The Many Benefits of Taking Your Time

Time heals all wounds…and it makes you a better writer too.

A short while ago, a friend of mine posted a Facebook status lamenting about his as yet unmet goals.  It’s a topic I’ve often struggled with, so it was familiar.  He complained that his goals were taking too long, and he is likely reading this blog post, so I won’t shout his name out but I will definitely say that he is nearly a decade younger than me and way too young to be thinking this way.  Having experienced this restlessness, I decided it was time for me to expound on the great benefits of time.

When I was eighteen years old, I started to write my first book.  I had started dreaming it up when I was fifteen, and had believed that I understood all of the minutiae of the plot, the characters, the setting – everything.  But it was a trilogy and I had quite a few words to write and I didn’t feel comfortable doing anything with it until it was complete.  So it took me until I was twenty-two years old to finish.  And it was massive.  I thought I had something incredible on my hands.  But then I read it from the beginning.

It was horrible.  It got better towards the end, but it was really, really bad.  By the time I had finished it, I was a much better writer than I had been when I started it.  So I put it away for a little while and vowed to come back to it.

When I came back to it, it looked even more horrible to me than it had when I had put it away.  Amateurish dialog, very strange plotting, slow pacing, random POV jumps, and characters that were just plain unlikable.  Anybody who follows my twitter feed has seen me jokingly take a knife to this thing, tweeting several horrendous lines I ran across in the process of attempting a reread.  Despite the treacherous subject matter, however, rereading this was the next step in an important plan.

The story was unsalvageable.  There was nothing I could do that would make this piece of tripe, written at a high school level with a distinct lean towards being a work of Buffy the Vampire Slayer fanfiction that was pretending not to be a Buffy fic, an actual work of art.  But there were things there.  Amazing things that helped me to see the seed of what I was to become as a writer within the primordial muck that was this story.

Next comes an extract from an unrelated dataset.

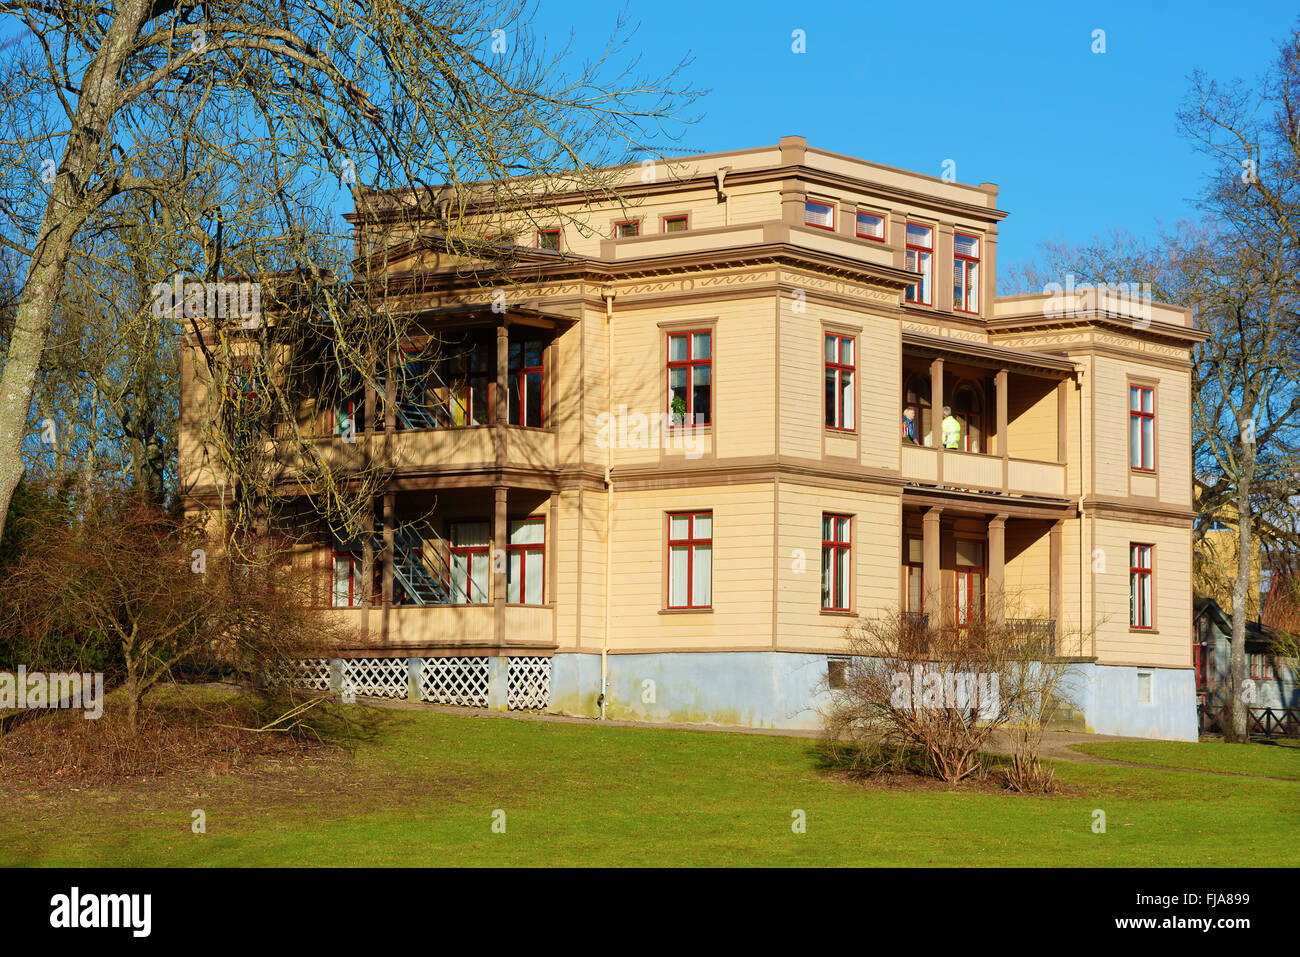 Ronneby, Suède - Février 26, 2016 : La villa est un bâtiment historique classé datant de 1881, construit pour accueillir les clients riches Banque D'Images

All was not lost.  I reread the story and mined it for the good things I could take from it.  And while I found some gems, most of the work had to go.  The story I am writing now, The Order of the Key, has, maybe, a few characters and a theme or two from the original.  But the meat of the story is all different.  And that is because the meat of that old story sucked.

By now you are probably thinking something along the lines of “Cool story, bro, but what wisdom am I supposed to take away from this?”  And the answer is this – Time is not your enemy.  Time really and truly is on your side.  Sometimes you may want to rush the development of your art.  Sometimes something will be good enough that it doesn’t require you to look back through it.  Sometimes you will be able to show it to the world right away.  But the important thing to remember is that we learn more and more with time.  So we should never be afraid to place something on the sidelines and come back to it a little later with fresh eyes and an older mind.

When I consider the very real possibility that I could have tried to publish that original story, that I would have had complete confidence in it only to be laughed at by agents and publishers alike, or worse, paid to self publish something that was not at any kind of standard I would be proud of later in life, I cringe.  But you also don’t want to be too cautious either.  You could end up with a story that deserves to be out in the world, despite your endless attempts to make edits.

So my suggestion is to reread.  Then set aside.  Then reread.  Then hand off to others whose opinions you truly trust.  Then make edits they suggest.  Then set aside.  Then reread.  And eventually, you should feel more confident about what you’ve written, not just because you’re blindly in love with your work, but because you’ve checked and double checked and triple checked.  You’ve allowed yourself to mature a bit, and then you’ve re-evaluated your situation.

I spent many years of my life complaining about not getting anywhere, and not becoming a known writer.  But if it hadn’t been for time, I could have been the writer who was known for how terrible a job she’d done.  Taking your time is worth the effort.